Artist

Thee Michelle Gun Elephant

Genre: Rock ,Asian Rock ,Garage Punk
Origin: U.S.A
Active: 1991 - 2003
Listen on Coda
Though little known stateside before the turn of the millennium, Thee Michelle Gun Elephant came together in Japan during 1991 and launched into a high-volume strain of garage rock & roll shaped by the Stooges, Thee Headcoats, the Who, and MC5. Futoshi Abe’s slashing guitar lines drive the band’s rapid, aggressive material above the thick, propulsive bass lines supplied by Kouji Ueno and the weighty drumming of Kazuyuki Kuhara, while Yusuke Chiba’s mod-tinged, hoarse vocals—delivered in a mixture of sung and shouted Japanese—supply the swagger that unifies the attack.

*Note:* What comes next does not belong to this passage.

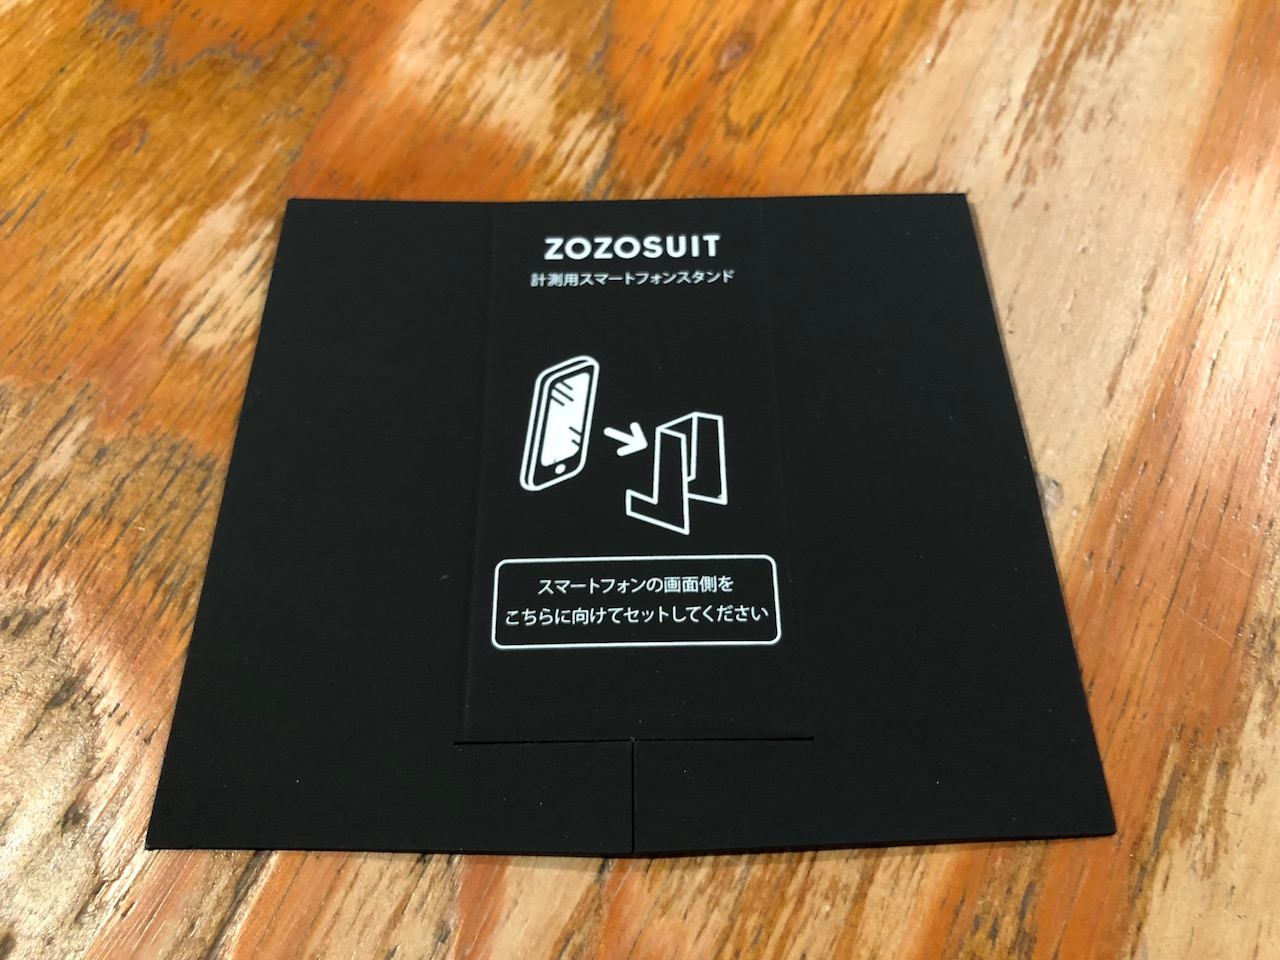 ZOZOSUIT(ゾゾスーツ)届いた?届かない?実際に着てみた人がゲキヤバw 体型計測方法は

Early material drew primarily from British punk and blues sources. The quartet committed its first EP, Wonder Style, to tape in 1995. Their debut full-length, Cult Grass Stars, followed in short order, tracked in London under Radiohead engineer Chris Brown and issued domestically the following March. Maintaining momentum, the group delivered its second album, High Time, in November 1996; the record entered the Japanese charts at number 13, prompting an immediate 21-date sold-out trek throughout the country.

Chicken Zombies appeared in 1997. The next summer found the band on the bill at Tokyo’s Fuji Rock Festival before an audience of 50,000 alongside Primal Scream, Garbage, Sonic Youth, Ian Brown, and Beck. In 1998 the quartet mounted its World Psycho Blues Tour, filling arenas across Japan. Their breakthrough release, Gear Blues, surfaced domestically that same year and reached American listeners in 2000, confirming the idiosyncratic style the group had labeled Japanese Monster R&B. Comparable to Iggy Pop and Chiba, the band fused melodic anthems with a dense barrage of sonic abrasion. Casanova Snake, the fifth album, arrived soon afterward in Japan, and the trans-Pacific impact of Gear Blues prompted the 2001 compilation Collection.